June 19 (Reuters) – President Volodymyr Zelenskiy has accepted an offer from Brazilian leader Luiz Inacio Lula da Silva to help work for a peace deal in Russia’s war in Ukraine, a Ukrainian presidential adviser said on Friday.
Zelenskiy and Lula met on the sidelines of the Group of Seven summit in the French resort of Evian-les-Bains on Wednesday, where the Ukrainian leader urged allies to increase pressure on Russia to end the more than four-year-old war.
The two presidents discussed what could reactivate diplomacy and Lula proposed several ideas, including contacts with permanent members of the U.N. Security Council, presidential communications adviser Dmytro Lytvyn told reporters.

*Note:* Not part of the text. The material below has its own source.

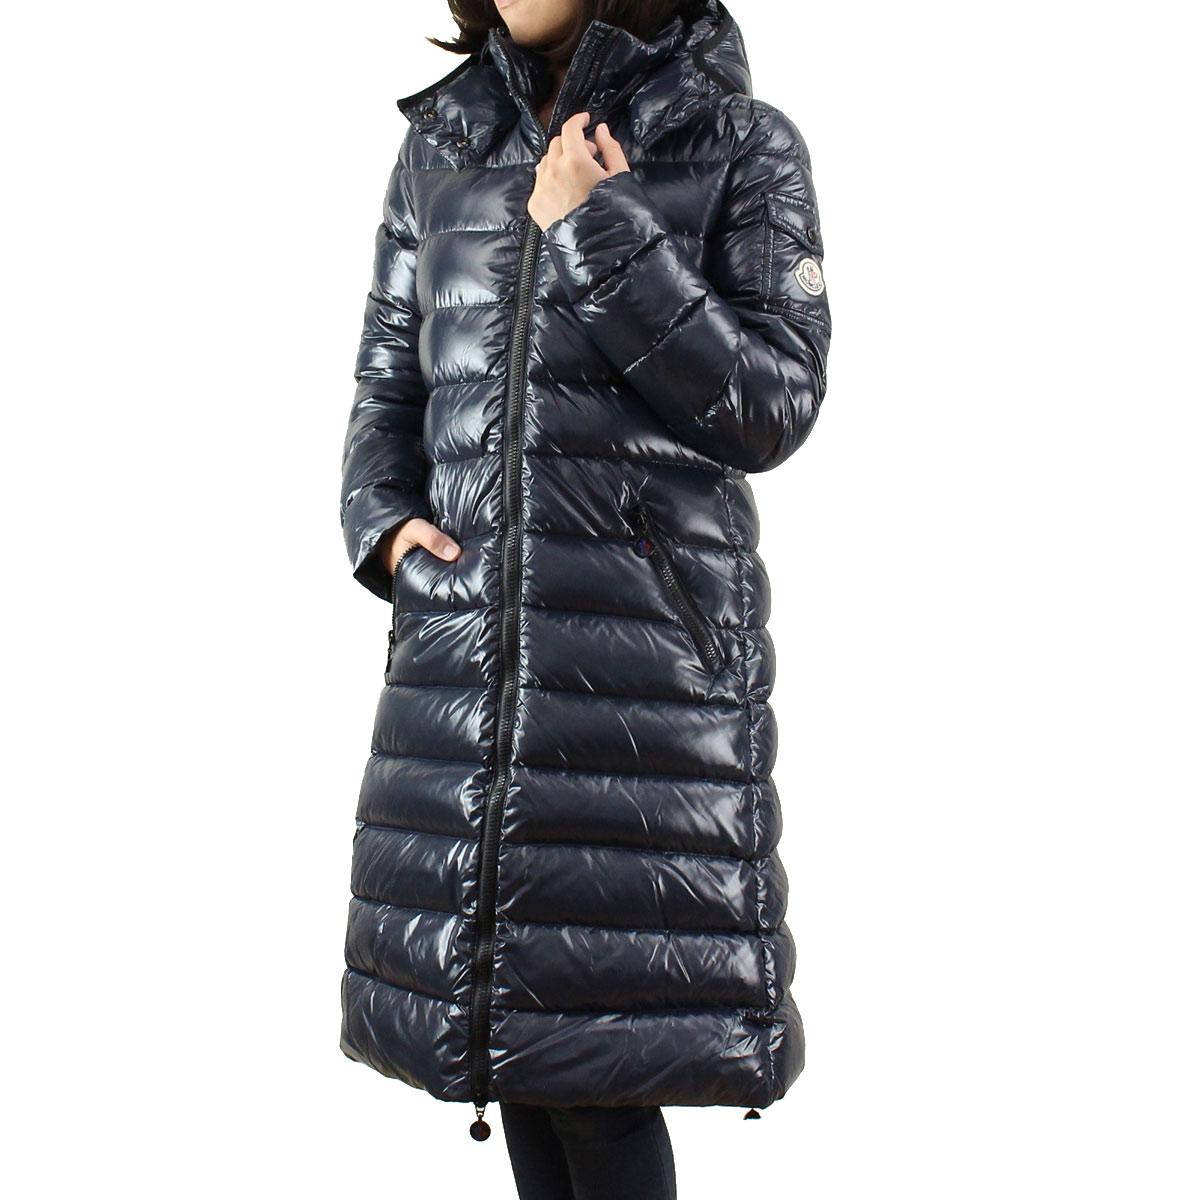 MONCLER (MONCLER) [MOKA] women's down coat MOKA 4931105 15 - 68950 - 742 blue( taxfree/send by EMS/authentic/A brand new item )

“They agreed that, in particular, based on such ideas and contacts, they would try to achieve something and later they would discuss it based on the results,” Lytvyn said.
Aside from the United States, France and Britain – with whom Ukraine has close diplomatic contact – the permanent Security Council members are Russia and China.
A U.S.-backed mediation effort earlier this year stalled amid Russia’s insistence on further territorial concessions from Ukraine, something Kyiv staunchly refuses.
Zelenskiy has urged U.S. President Donald Trump to return to the mediation efforts and broker a face-to-face meeting between him and Vladimir Putin – something the Russian leader has ruled out for now.
Following the G7 meeting in Brazil, Lula said that in the past Zelenskiy had not expressed any interest in his offers of diplomatic efforts for peace, but now he had accepted them.
Lula told a news conference that he had already spoken with the leaders of all the five permanent members of the Security Council and he would do so again.
Ukraine has recently made a push to reinvigorate diplomacy to end the war as U.S.-brokered peace talks stalled due to the Iran war.